On Mon, Mar 19, 2012 at 7:49 PM, Greg Edwards <gedwards2@gmail.com> wrote:
...
Enis,
Thanks. Will try that re the storage.
Greg E
On Mon, Mar 19, 2012 at 4:49 PM, Enis Afgan <eafgan@emory.edu> wrote:
...
Hi Greg,
On Mon, Mar 19, 2012 at 11:01 AM, Greg Edwards <gedwards2@gmail.com>wrote:
...
Hi,
I've got an implementation of some proteomics tools going well in Galaxy
on AWS EC2 under Cloudman. Thanks for the help along the way.
I need to drive the costs down a bit. I'm using an m1.large AMI and it's
costing about $180 - $200 / month. This is about 55% storage and 45%
instance costs. That's peanuts in some senses but for now we need to get it
down so that it comes out of petty cash for the department, while the case
is proven for it's use.
I have a few questions and would appreciate ny insights ..

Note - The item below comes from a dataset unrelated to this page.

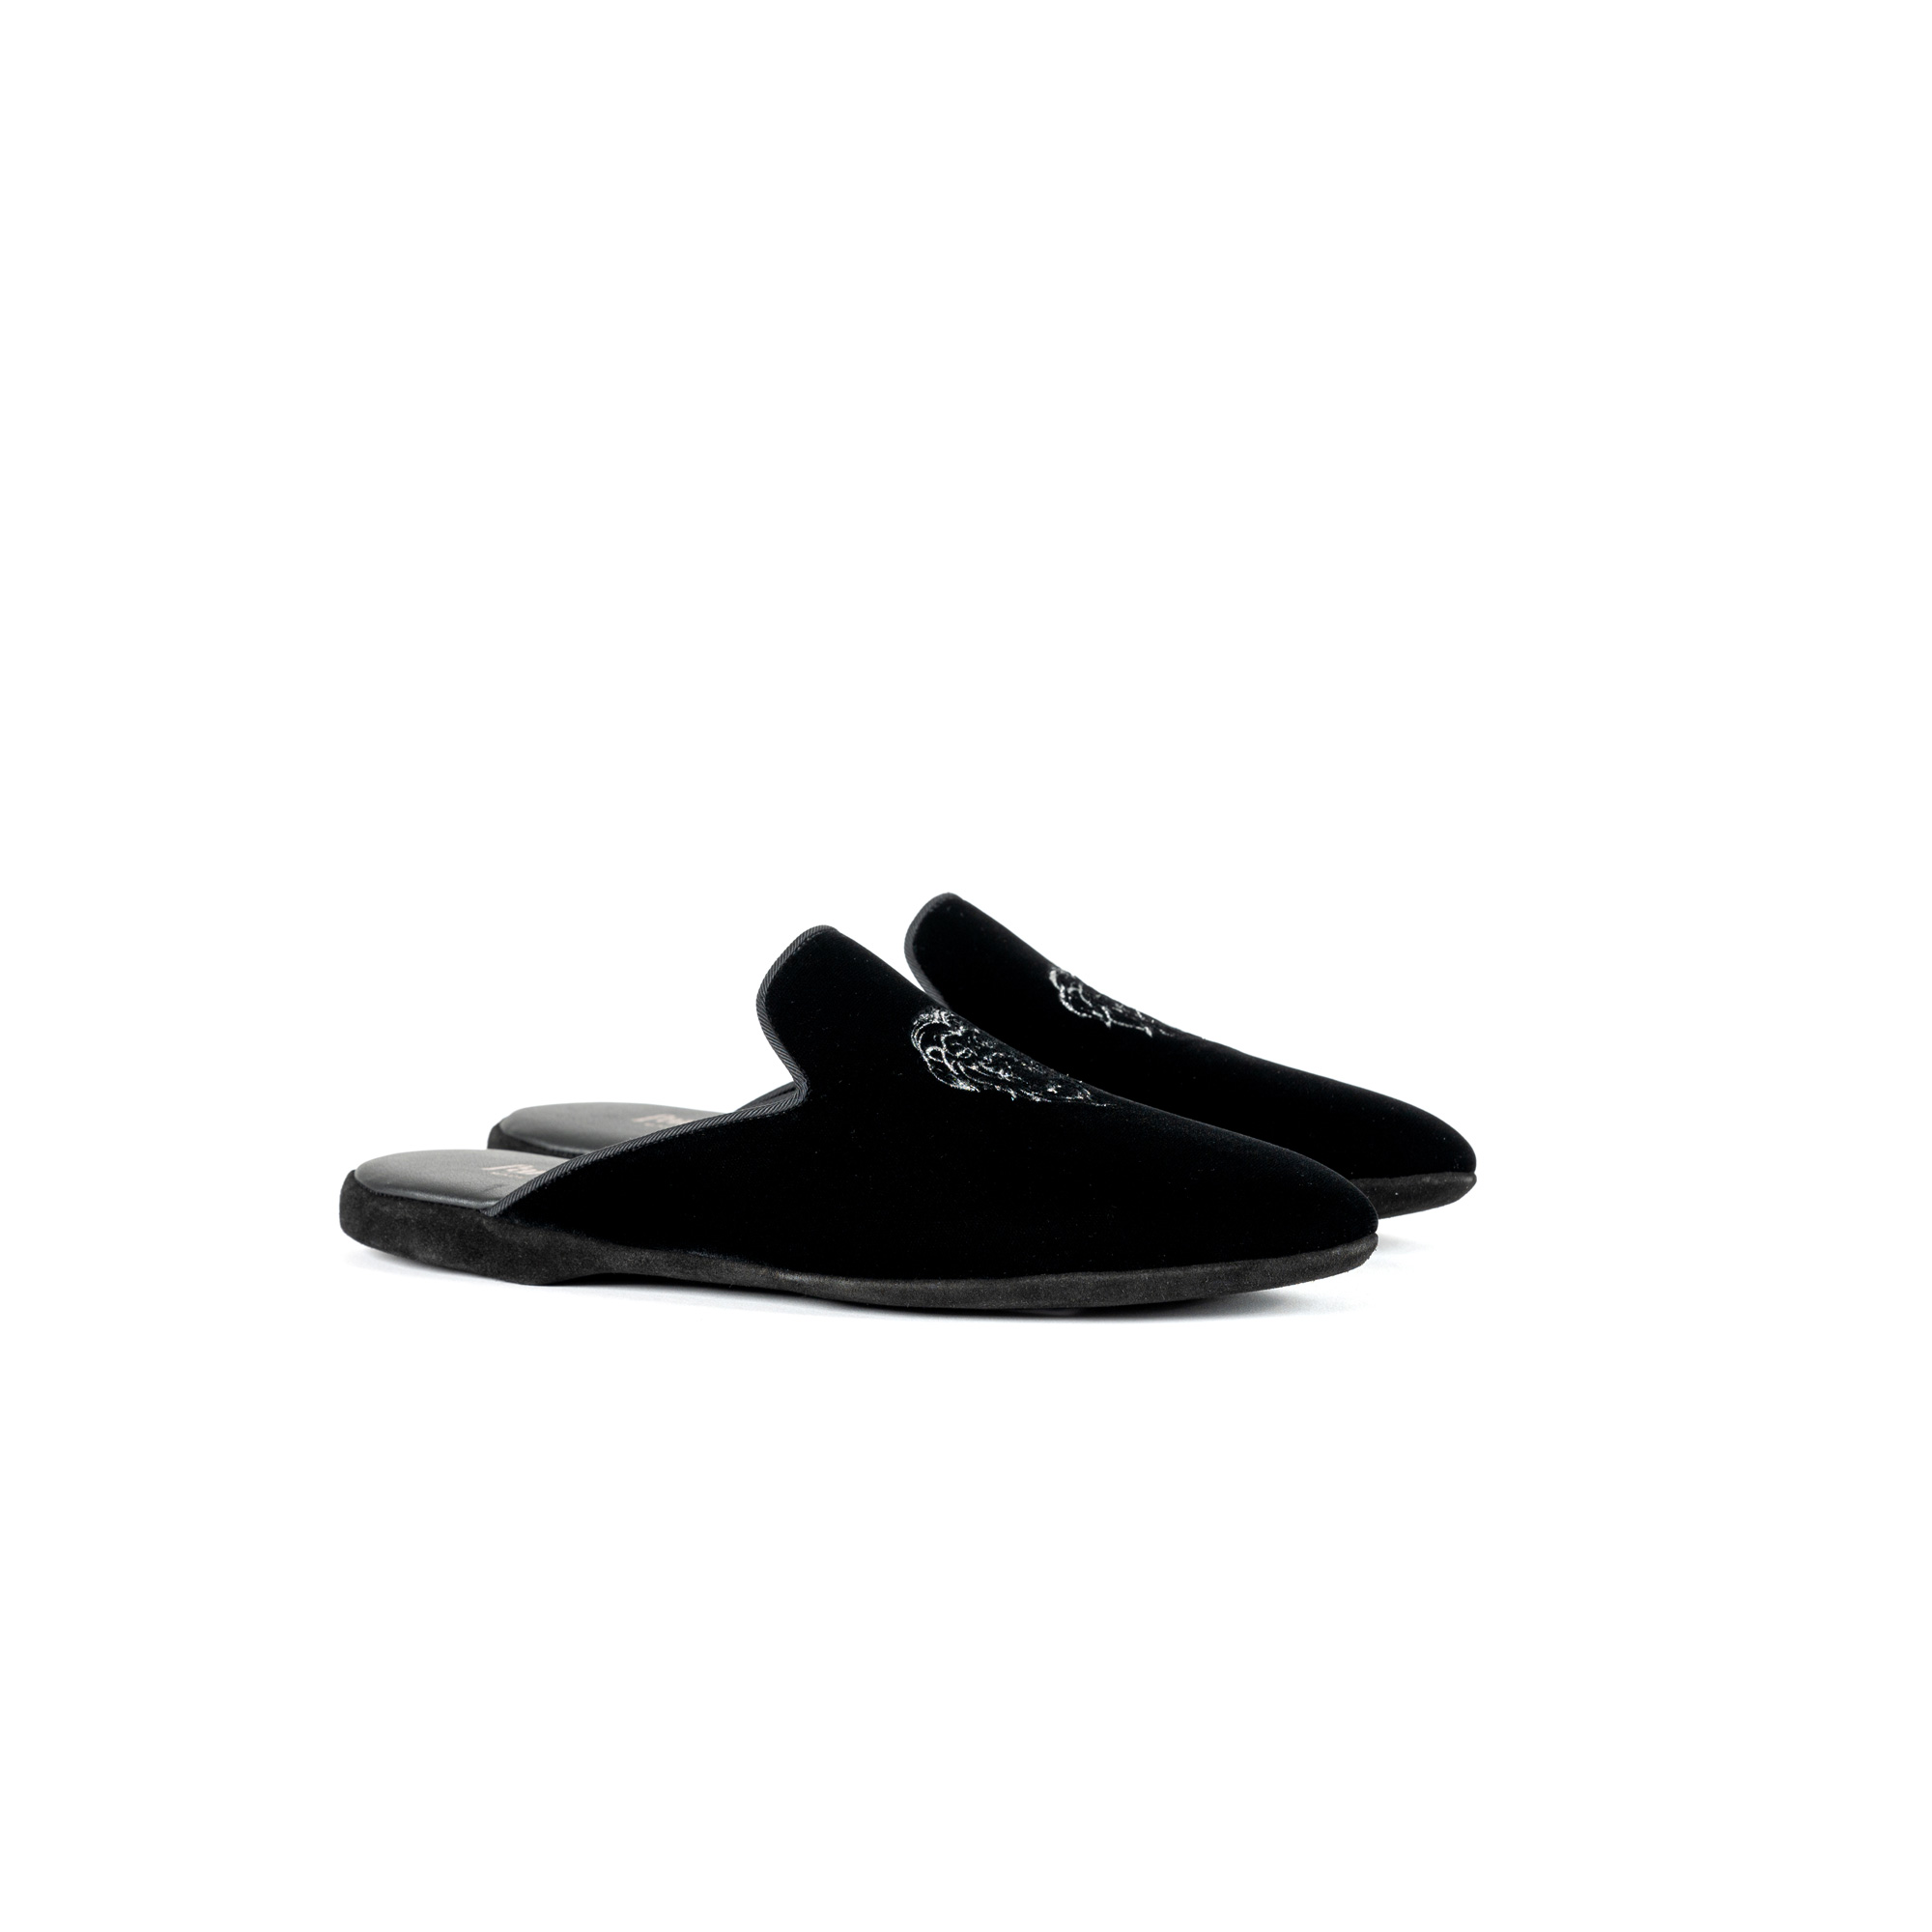 Pantofola interno sera in velluto nero - Farfalla italian slippers

1. AWS has just released an m1.medium and m1.small instance type, which
are 1/2 and 1/4 the cost of m1.large.
http://aws.amazon.com/ec2/instance-types/
http://aws.amazon.com/ec2/pricing/
I tried the m1.small and m1.medium with the latest Cloudman AMI *  *galaxy-cloudman-2011-03-22
(ami-da58aab3)
All seemed to install ok, but the Tools took up tp 30 minutes to start
execution on m1.medium, and never started on m1.small.

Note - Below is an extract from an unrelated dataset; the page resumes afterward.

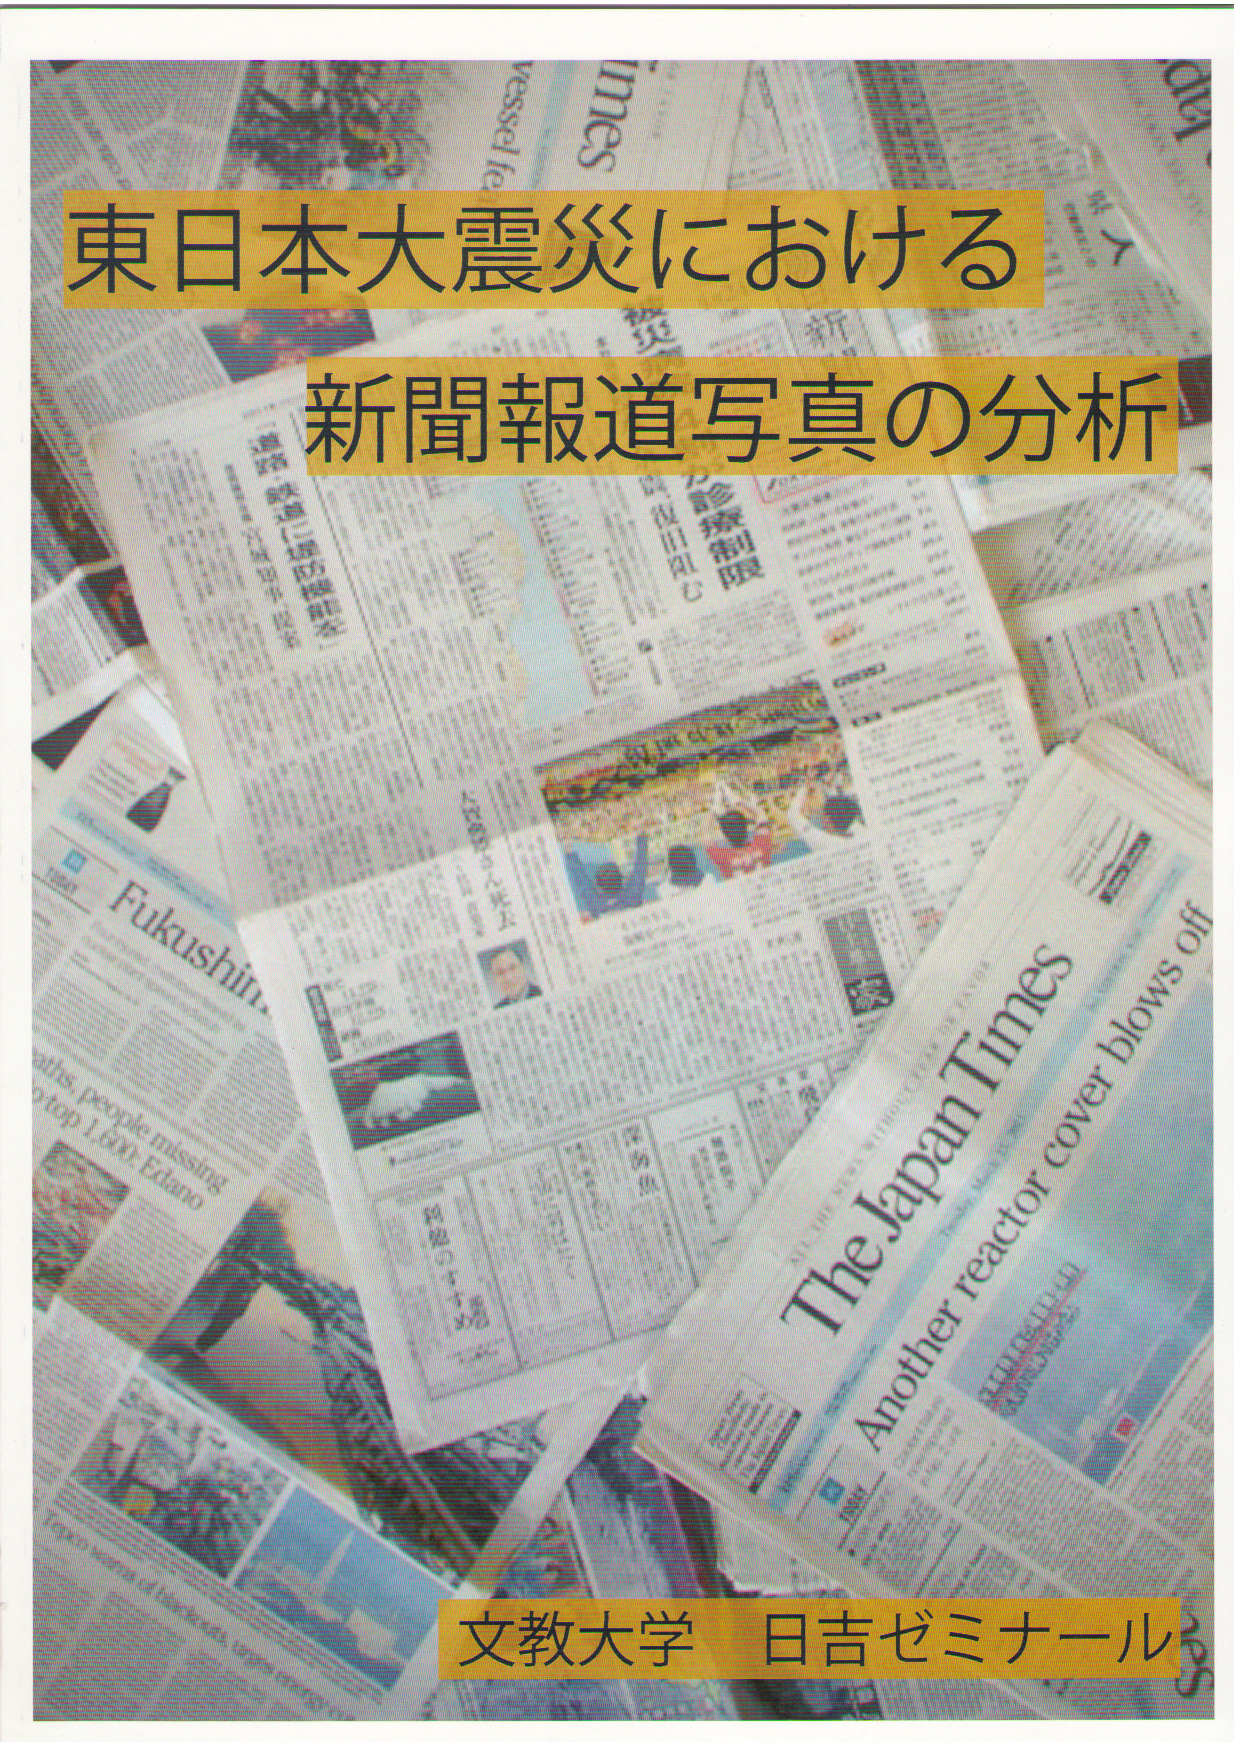 東日本大震災における放送関連の動き

m1.medium only added about 15% to run times compared with m1.large,
can't say for m1.small. t1.micro does run (and for free in my Free Tier
first year) but blows execution times out by a factor of about 3 which is
too much.
Has anyone tried these new Instance Types ? (m1.small/medium)

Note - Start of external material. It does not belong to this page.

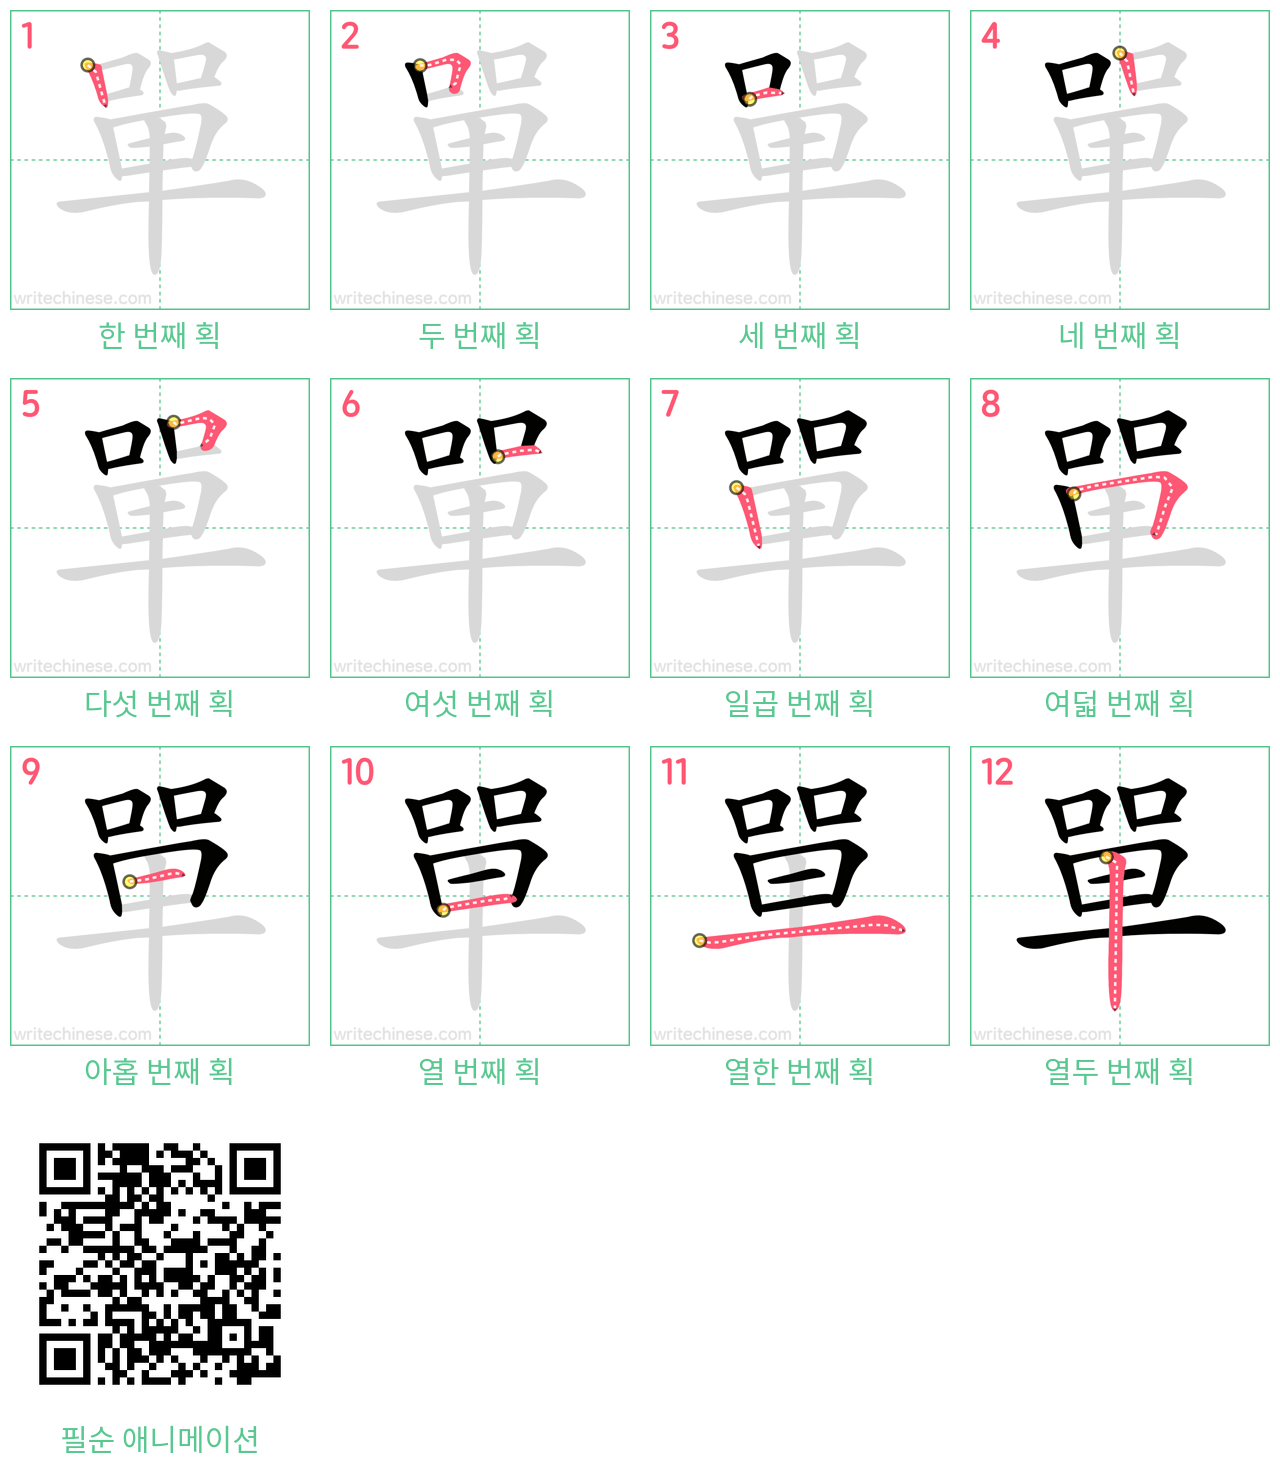 單 step-by-step stroke order diagrams

I have no real experience with these instance types yet either so maybe
someone else can chime in on this?
...
2. The vast majority of the storage costs are fro the Gemome databases
in the 700GB /mnt/galaxyIndices, which I don't need. Can this be reduced to
the bare essentials ?
You can do this manually:
1. Start a new Galaxy cluster (ie, one you can easily delete later)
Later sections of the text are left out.